I recently had to check code from some of my students at the university as I suspected plagiarism. I discovered JPlag which works like a charm and generates nice reports
How do you deal with disputes? One's code is flagged even if the student in question didn't actually cheat. What then? Do you trust tools over the students' word?
In addition, do things like stack overflow and using LLM-generated code count as cheating? Because that is horrible in and of itself, though a separate concern.
The output of plagiarism tools should only serve as a hint to look at a pair of solutions more closely. All judgement should be derived entirely from similarities between solutions and not some artificial similarity score computed by some program.
Unfortunately, this is not really what happens in my experience. The output of plagiarism tools is taken as fact (especially at high school levels). Without extraordinary evidence of the tool being incorrect, students have no recourse, even if they could sit and explain the thought process behind every word/line of code/whatever.
Well, in this case I noticed the same code copied while grading a project. I used then JPlag to run an automatic check in all the submissions for all the projects. It found many instances where a couple of students did a copy-paste with same variable names, comments, etc. It was quite obvious if you look in detail, and JPlag helped us spot it in multiple files easily.
An archival video of all coding sessions (locally, hosted by the student), starting with a visible outline of pseudo-code and ending with debugging should be sufficient.
In case of a false positive from a faulty detector this is extraordinary evidence.
We had a professor require us to use git as a timestamped log of our progress. Of course you could fake it but stealing work and basically redoing it piece by piece with fake timestamps is a lot of work for cheaters.
You might be surprised. Many students who use ChatGPT for assignments end up turning in code identical (or nearly identical) to other students who use ChatGPT.
Different in an exact string match but code that is copied and pasted from ChatGPT has a lot of similarities in the way that it is (over) commented. I've seen a lot of Python where the student who "authored" it cannot tell me how a method works or why it was implemented despite having the comments prefixed to every line in the file.
From my experience using ChatGPT, It usually remove most of my already written comments when I ask questions about code I wrote myself. It usually give you outline comments. So unless you are supporter of the self documented code idea, I don't think ChatGPT over comments.

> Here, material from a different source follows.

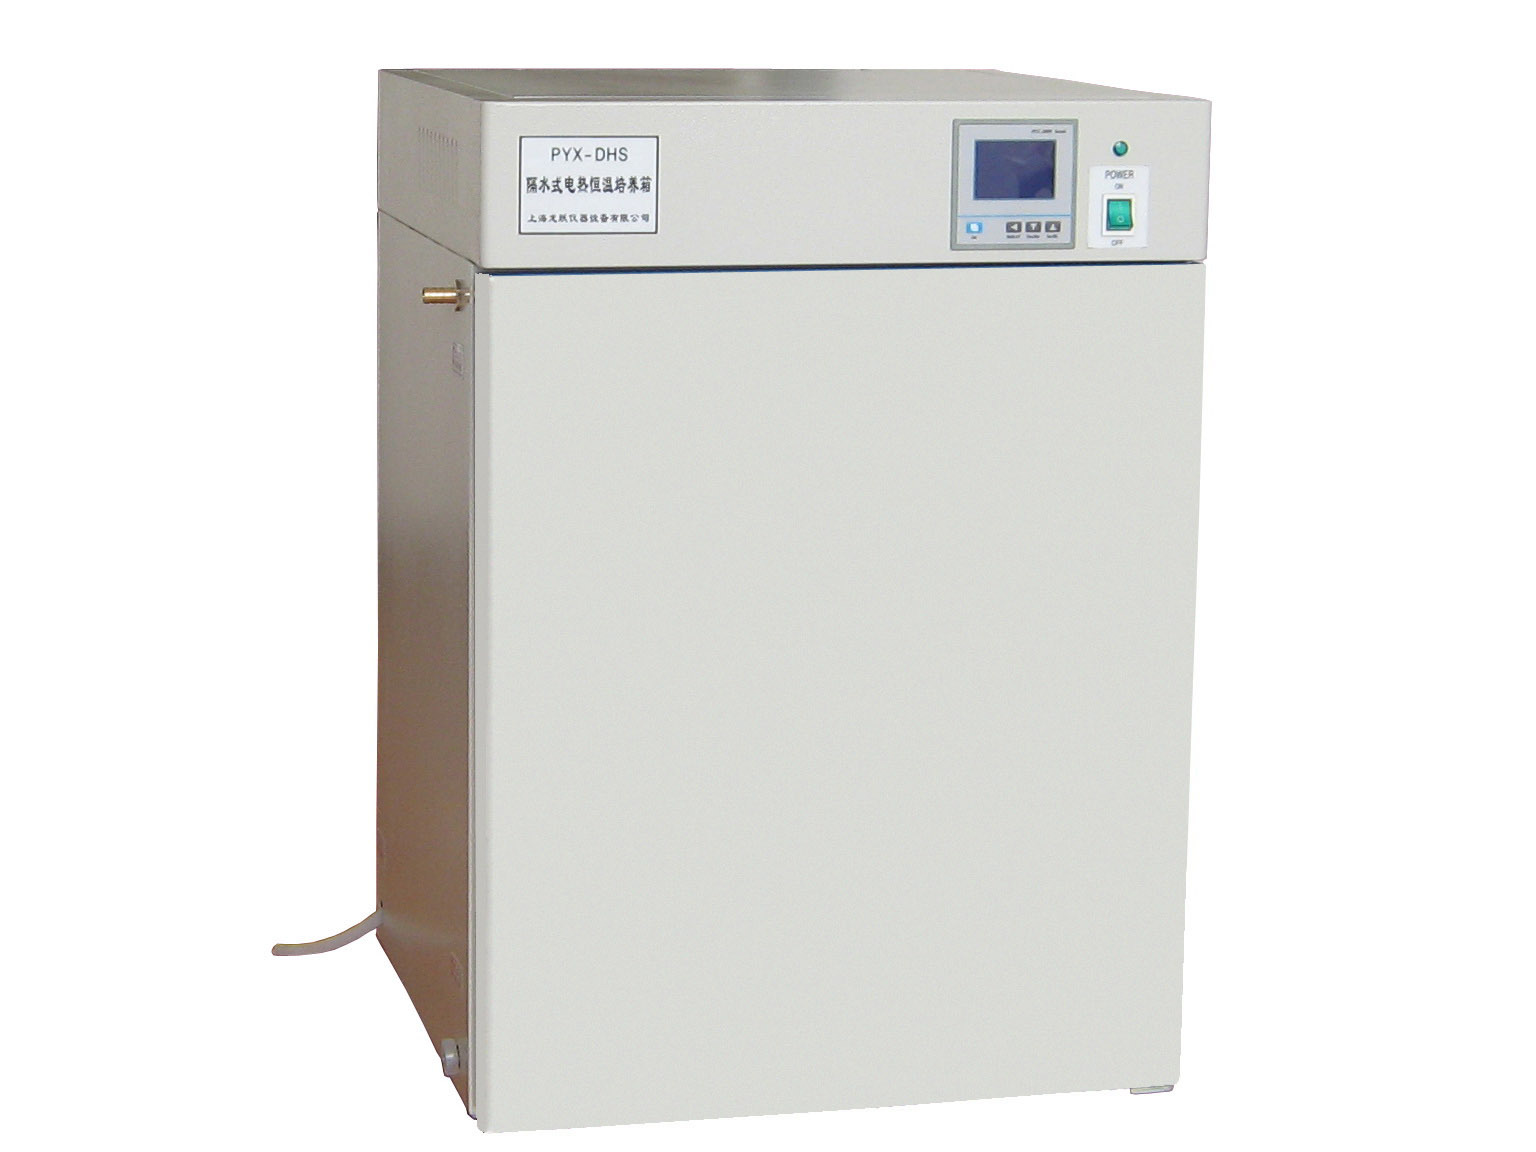  PYX-DHS系列隔水式电热恒温培养箱

It's obviously down to taste, but what I've seen over and over is a comment per line which to me is excessive outside it being requested of absolute beginners.

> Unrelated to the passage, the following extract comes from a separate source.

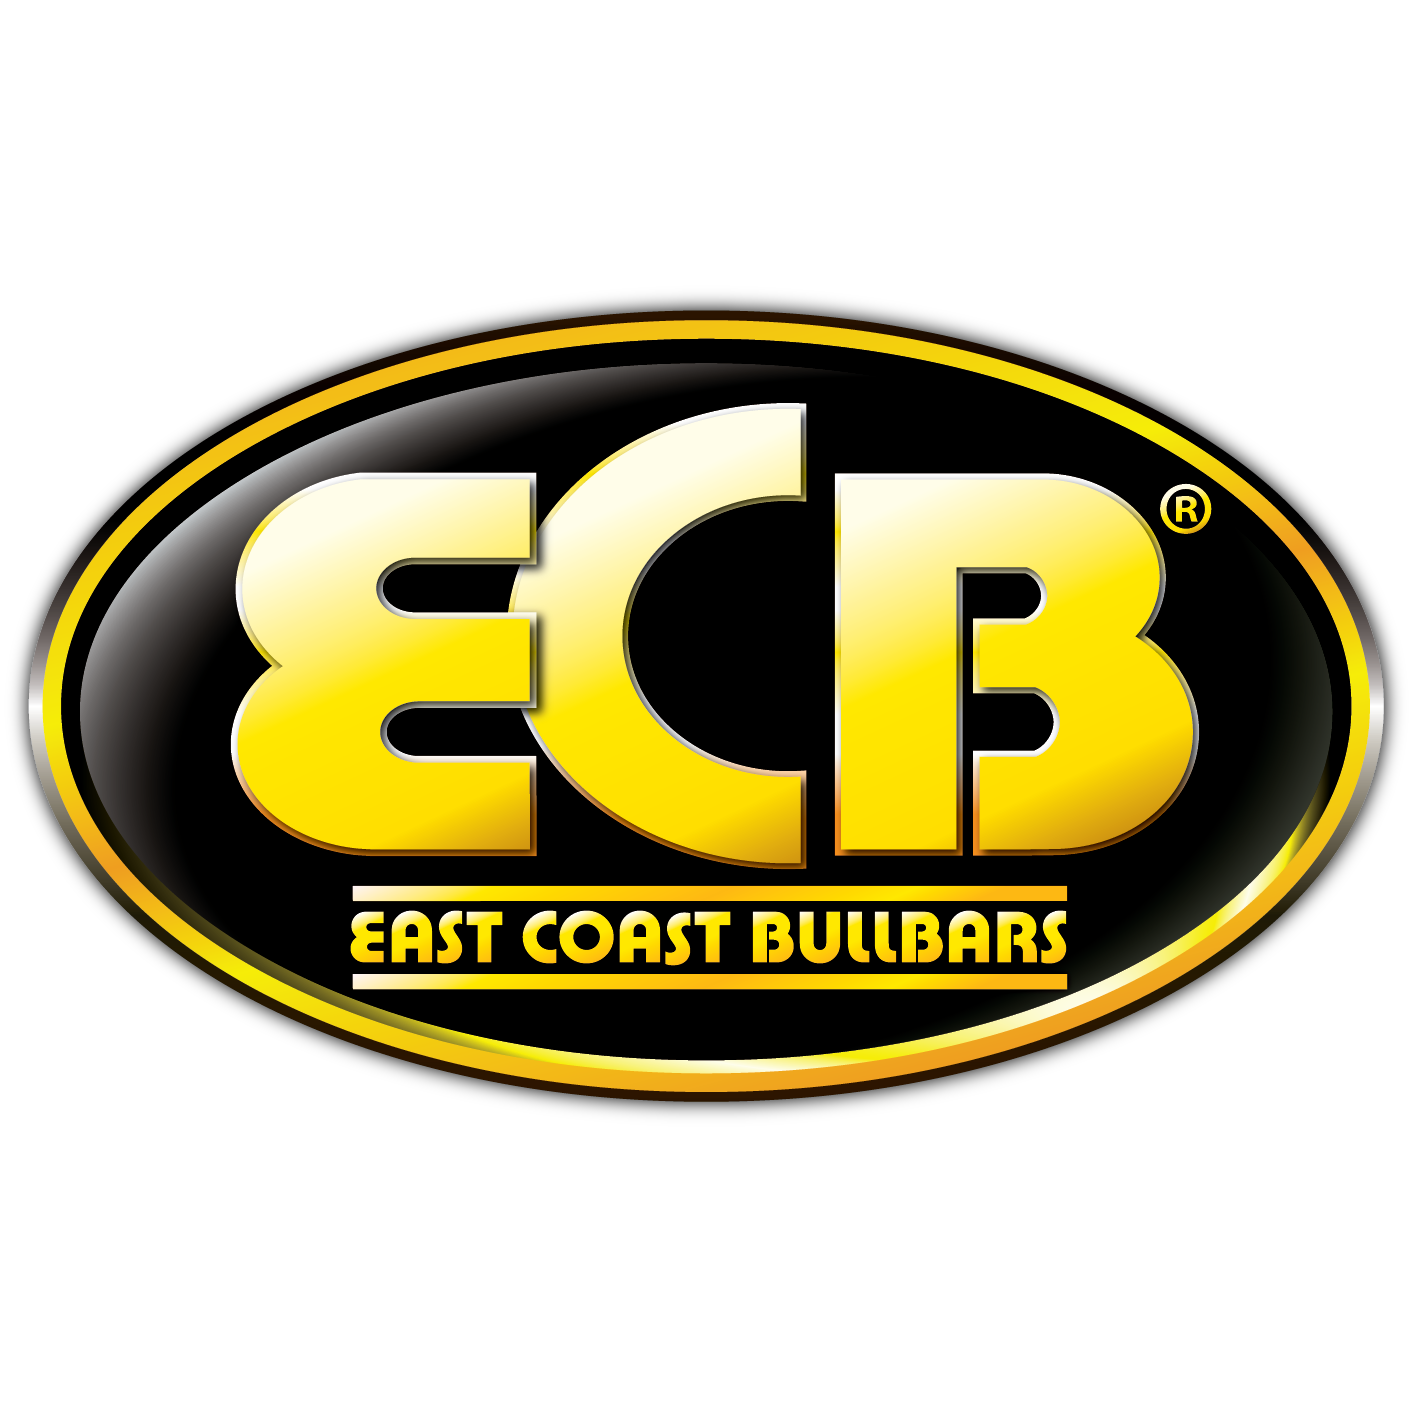 East Coast Bullbars logo

That happens and also the model can't decide if it wants the comment on the line before the code or if everything should be appended to the line itself so when I see both styles within a single project it's another signal. People generally have a style that they stick with.
yeah but the prompt itself generally adds sufficient randomness to avoid the same verbatim answer each time.

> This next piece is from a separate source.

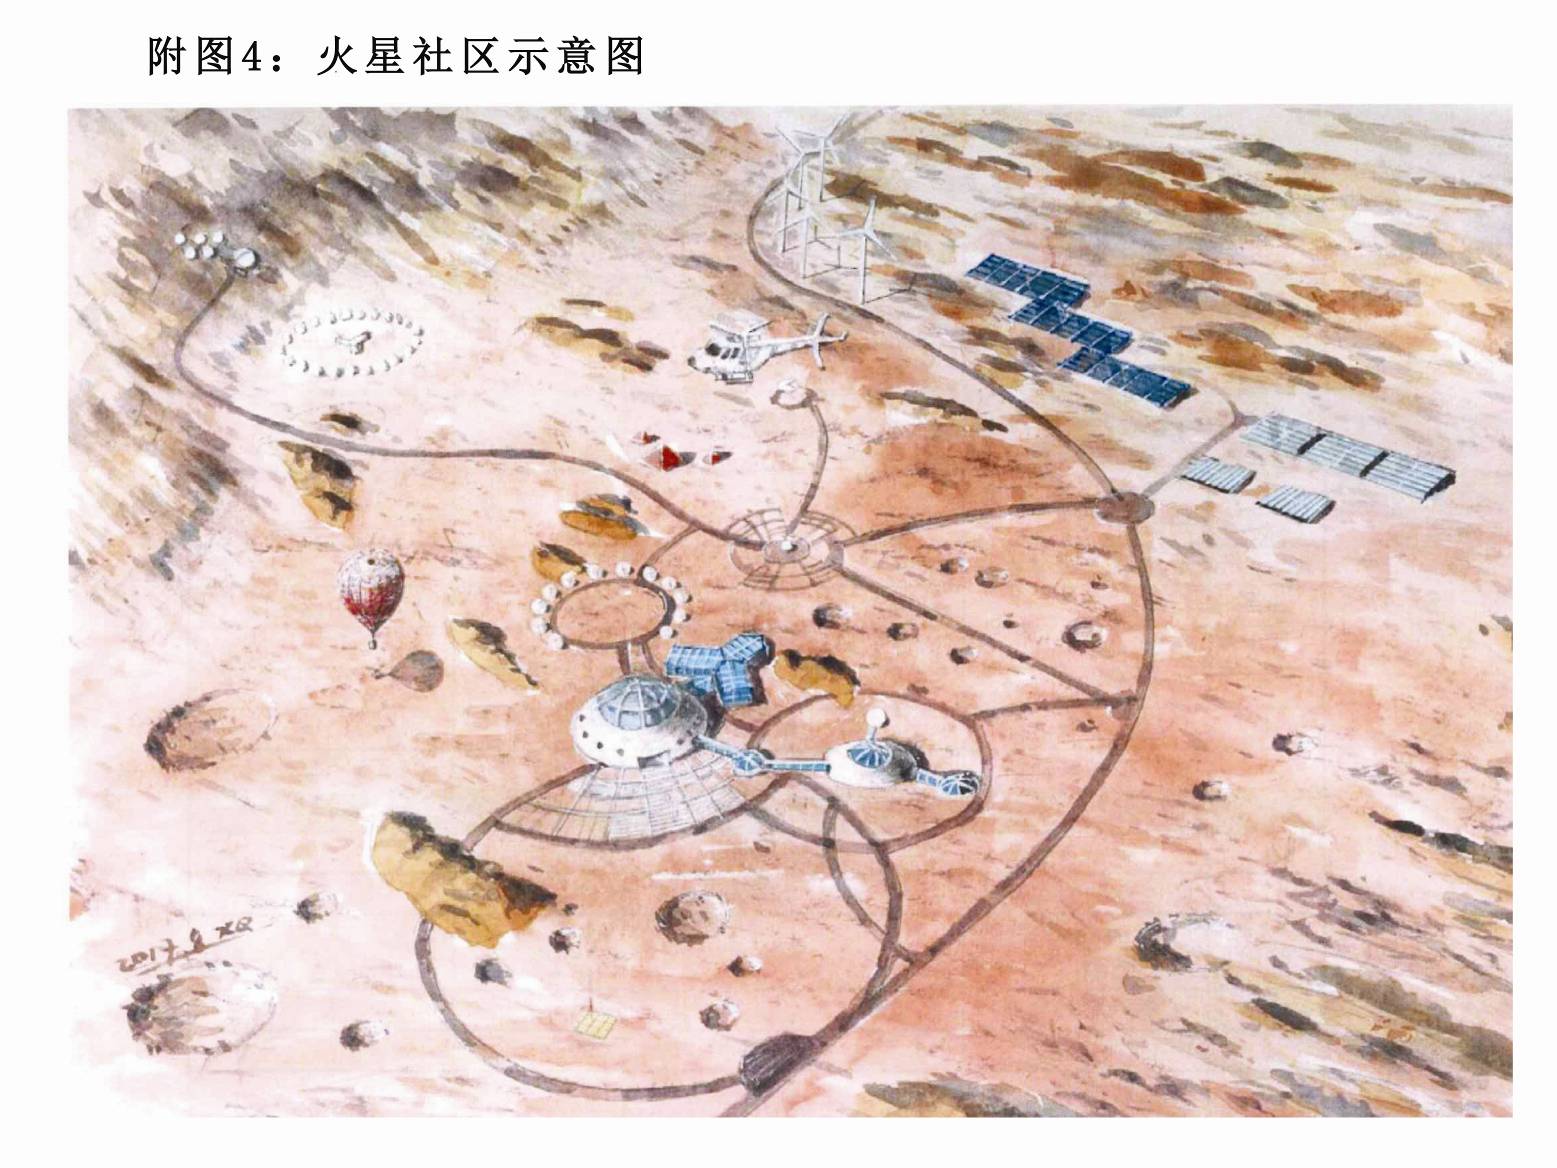 附件4：中国火星村（模拟火星基地）旅游开发项目.jpg

as an example just go ask it to write any sufficiently average function. use different names and phrases for what the function should do; you'll generally get a different flavor of answer each time, even if the functions all output the same thing.
sometimes the prompt even forces the thing to output the most naive implementation possible due to the ordering or perceived priority of things within the requesting prompt.
it's fun to use as a tool to nudge it into what you want once you get the hang of the preconceptions it falls into.
MOSS seems to be pretty good finding multiple people using LLM-generated code and flagging them as copies of each other. I imagine it would also be a good idea to throw the assignment text into the few most popular LLMs and feed that in as well, but I don't know of anyone who has tried this.